Sometimes, no graph can substitute for a good video. This is particularly true in the field of animal behaviour and neuroethology. As I mentioned previously, I was just at the Tenth International Congress of Neuroethology, and I saw a few people trying to bring video to their poster, including me.
On my poster, I did two things. First, I snitched a lot of tacks and used them to mount an iPad.
Several people thought this was brave of me. I knew it would work, because I had seen Bradley Voytek do this at last year’s Neuroscience meeting. With enough tacks, and new poster boards, that iPad was in there solidly. It wasn’t going to hit the floor unless the entire poster board went over.

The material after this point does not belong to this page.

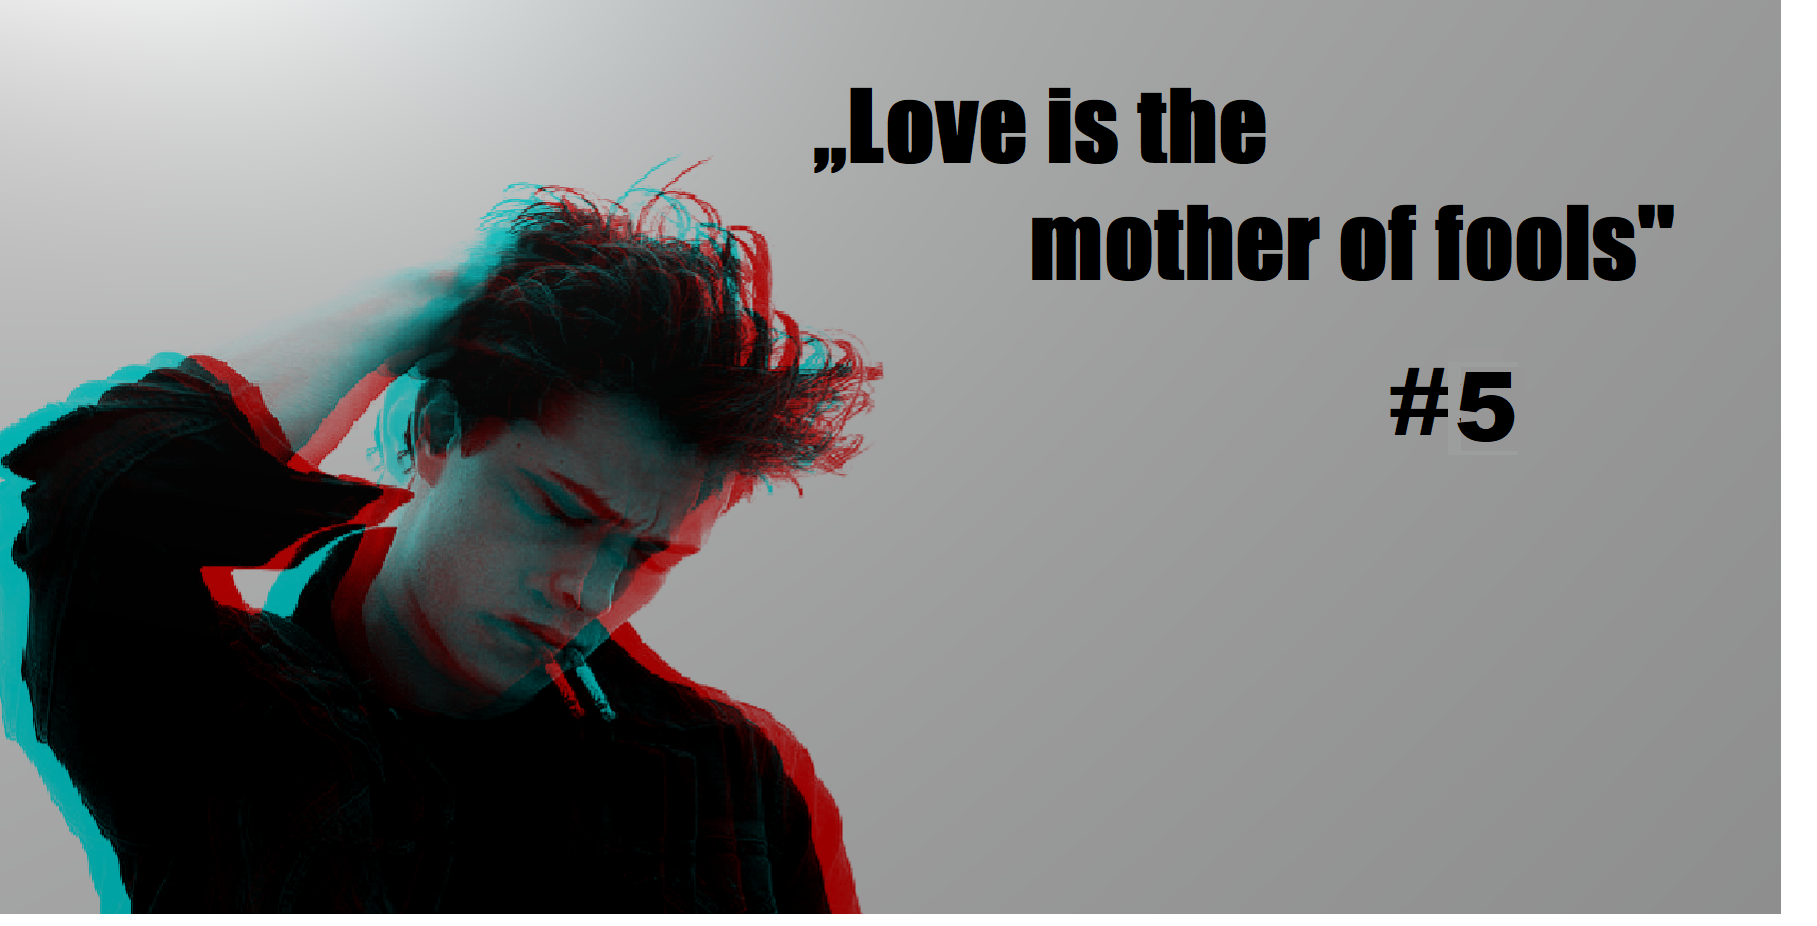 ,,Love is the mother of fools”#5

Because I wasn’t by my poster at all times, and I didn’t want to leave my new iPad unattended, I printed a QR code to the video behind the iPad:
I was kind of proud of this, because I planned ahead. I used some good practices in the text (telling people exactly what the code was). I left just enough space so that this would be concealed when the iPad was in place.
Other presenters were also using iPads, but mounting them in different ways. The next two photos are from the same poster, on different days:
On day on, the presented used the iPad cover to act as a sort of lanyard arrangement.
By day two, the presented decided just to hang the iPad over the top of the poster board frame. Now this was what made me nervous.
I discovered one minor little problem with using an iPad to show people video, though. I would have liked for the video to be showing continuously, looping, so I didn’t have to be fiddling with it anew for every poster customer. There is no way to do that using the normal video app in the iPad. You have to resort to a few hacks to get looping video.
Another person, not wanting to risk an expensive iPad, just used a digital photo frame instead.
But as long as you can have someone by the poster, the risk to putting you iPad on the poster is minimal.